Within different facial types, the stress in the prostheses was the highest in the brachyfacial type, followed by mesofacial and dolichofacial types, but all groups represented the same pattern of stress distribution (Figure 7). For gender, the maximum von Mises stress in prostheses in the female group was slightly higher than that in the male group of brachyfacial and mesofacial types but lower in the dolichofacial type (Table 8). Because the mesofacial type was the most prevalent (70%) in the population (Sella Tunis et al., 2021), the group of the mesofacial type (male) was chosen to assess the effect of other factors.

FIGURE 7

Von Mises stresses in prostheses of different facial types. (A) Von Mises stresses in implants. (B) Von Mises stresses in the framework. The stresses in prostheses were the largest in the brachiofacial type, followed by mesofacial and dolichofacial types, but all groups represented the same displacement pattern.

Segmental design of the framework

As shown in Table 8; Figure 8A, during mandibular maximum opening movements, in the one-piece framework restorations, the largest stress occurred around distal implants on both sides (104 and 77 MPa in models 1 and 4, respectively), progressively decreasing toward more mesial positions. In the two-piece framework restorations, the maximum stress was observed surrounding the lateral incisor location (213 and 219 MPa in models 2 and 5, respectively). The three-piece framework restorations, in which the maximum stress was observed surrounding the canine location (265 and 270 MPa in models 2 and 5, respectively), showed greater stress than one-piece and two-piece frameworks.

FIGURE 8

Von Mises maximum stress values (A) and pseudo-color stress distribution (B) in different segmental prosthetic frameworks of the mesofacial type/male. In the one-piece framework prosthesis, the largest bone stress occurred around distal implants and the mid-line of the superstructure. In the two-piece and three-piece framework prostheses, stress was mostly significantly concentrated at the joint between the abutments and superstructure (42–32, 33–34, and 43–44).

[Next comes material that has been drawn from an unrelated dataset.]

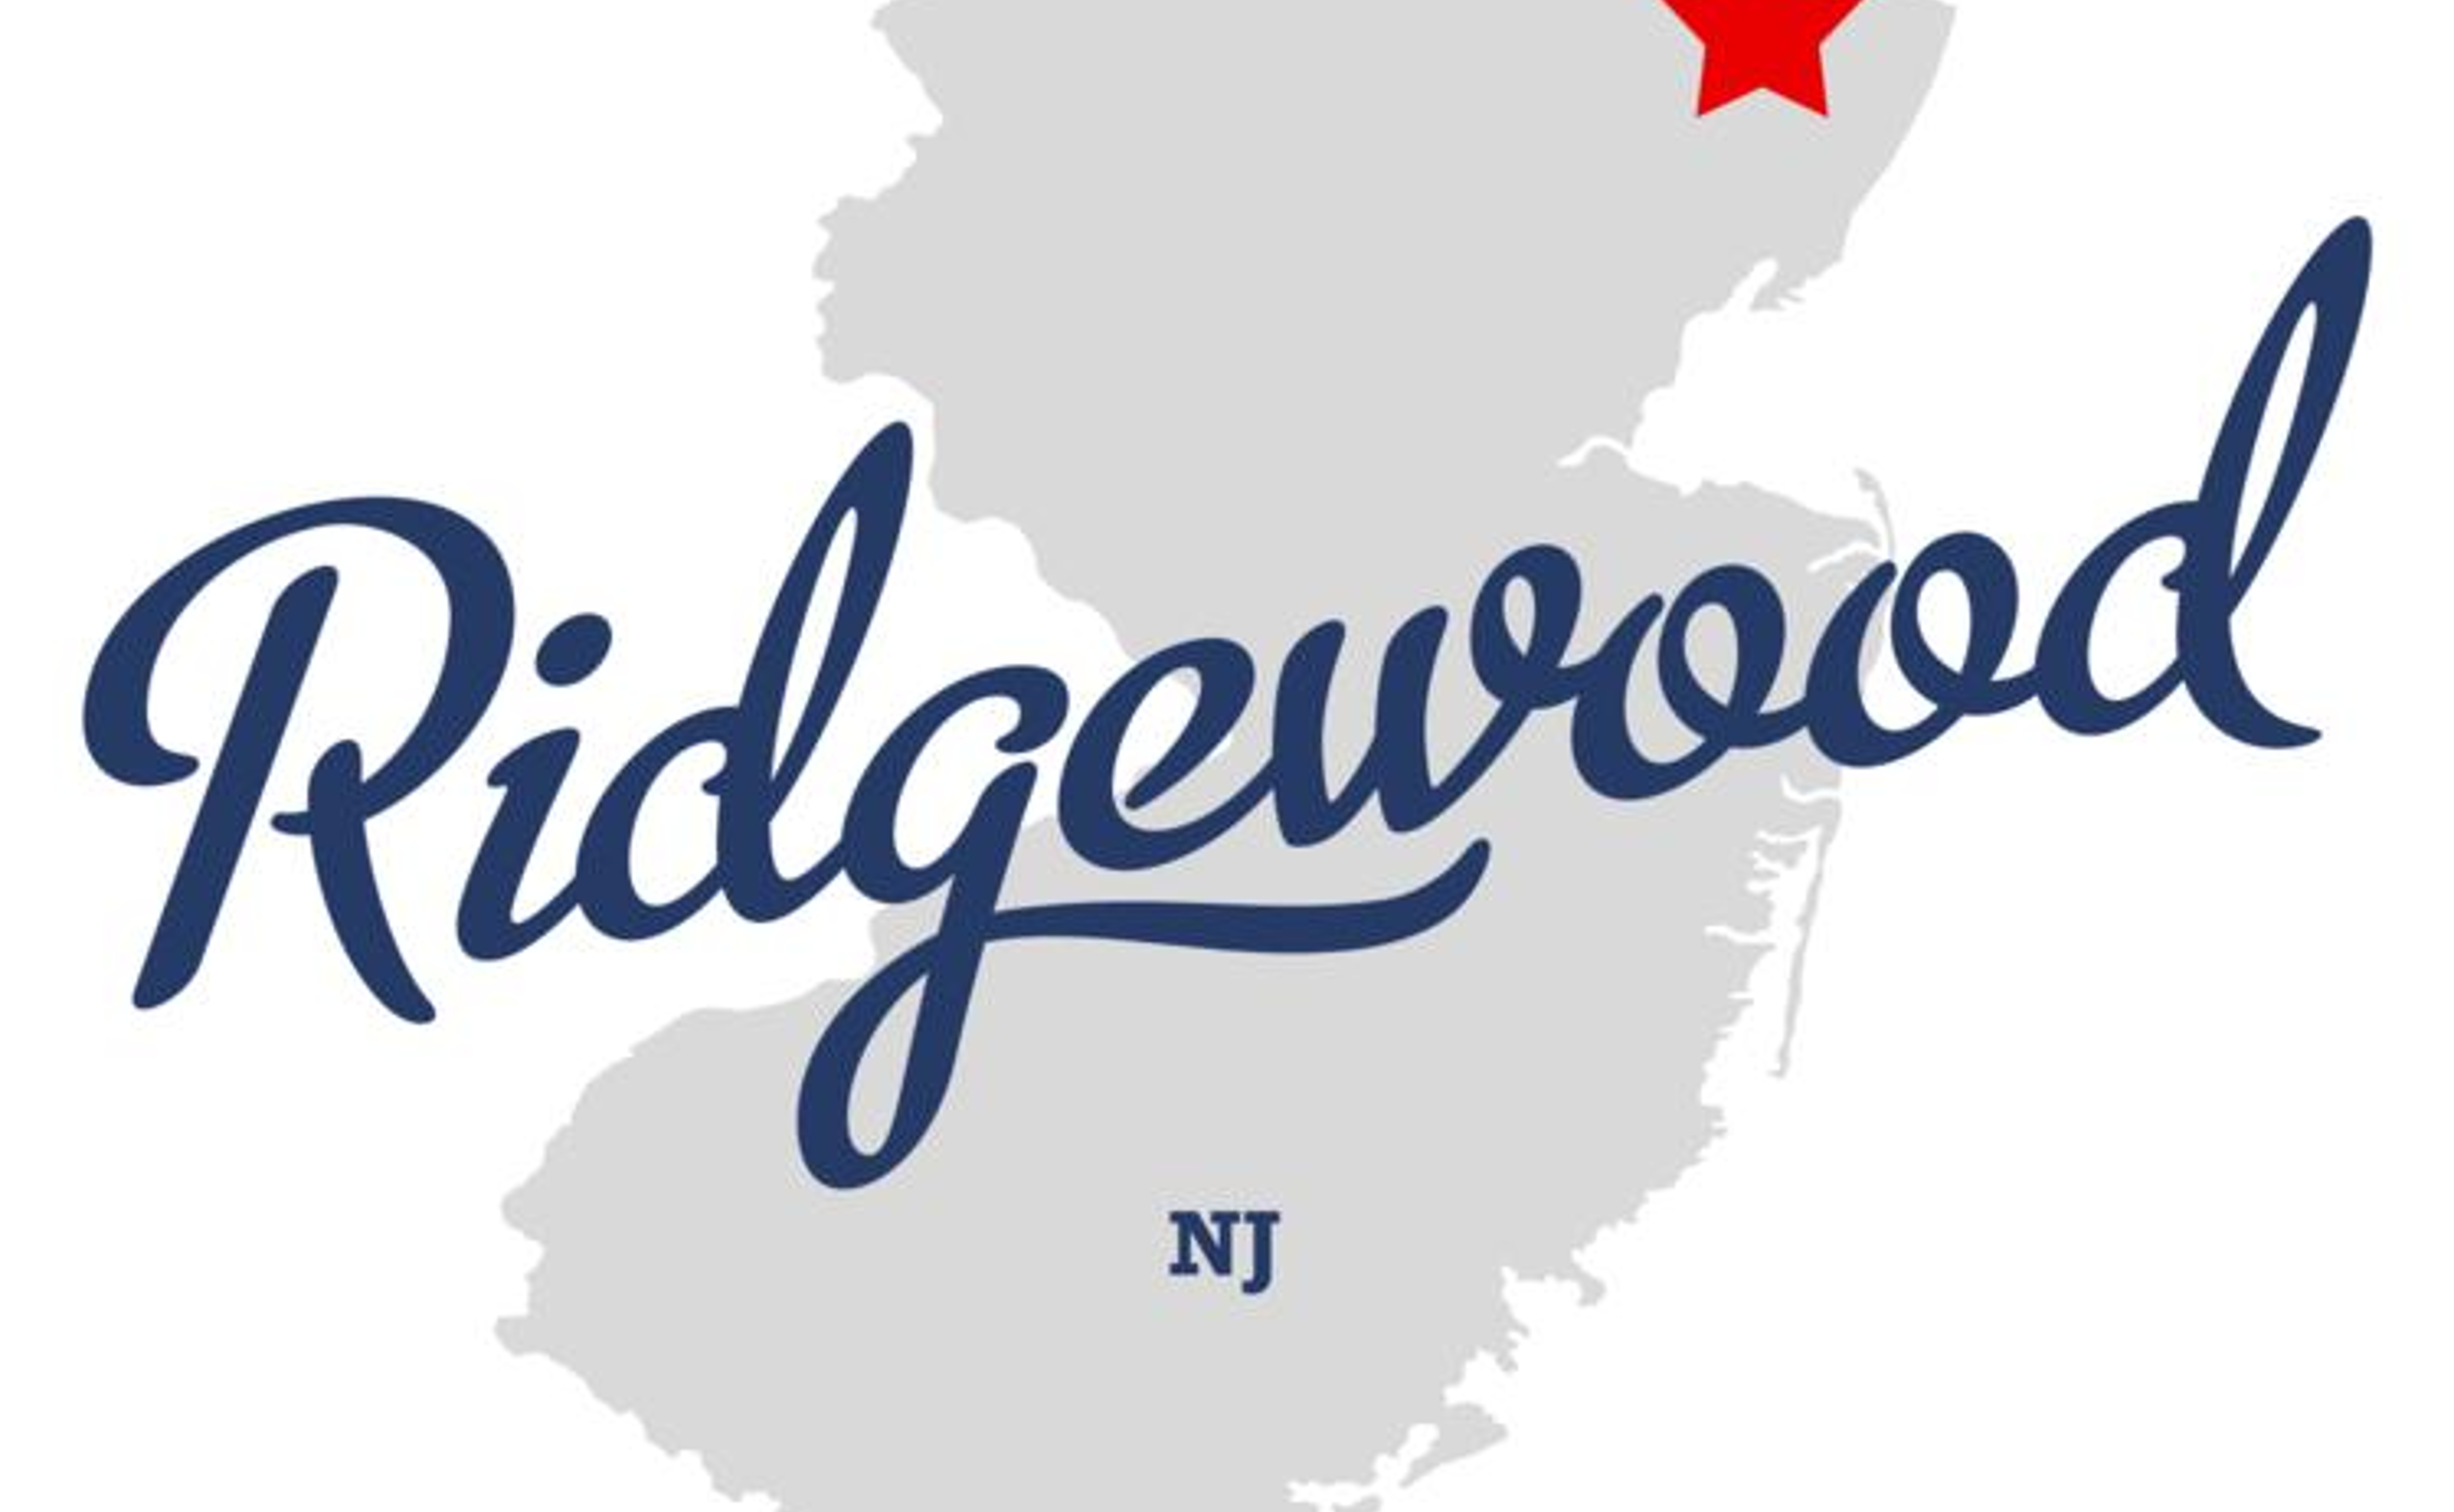 Ridgewood

At the level of the framework, in the models with a full-arch framework (models 1, 4, and 7, Figure 8B), a larger stress concentration was detected on the mid-line of the superstructure (98 and 112 MPa in models 1 and 4, respectively). Also, the stress detected at the mid-line of the superstructure was reduced by splitting the latter into two or three freestanding portions. But, in models 2, 3, 5, and 6, with the segmental framework, stress was mostly significantly concentrated at the joint between the abutments and superstructure (261, 292, 277, and 320 MPa in models 2, 3, 5, and 6, respectively), which would increase the significant incidence of mechanical problems. Therefore, a one-piece framework may be more conducive to stress distribution in the framework.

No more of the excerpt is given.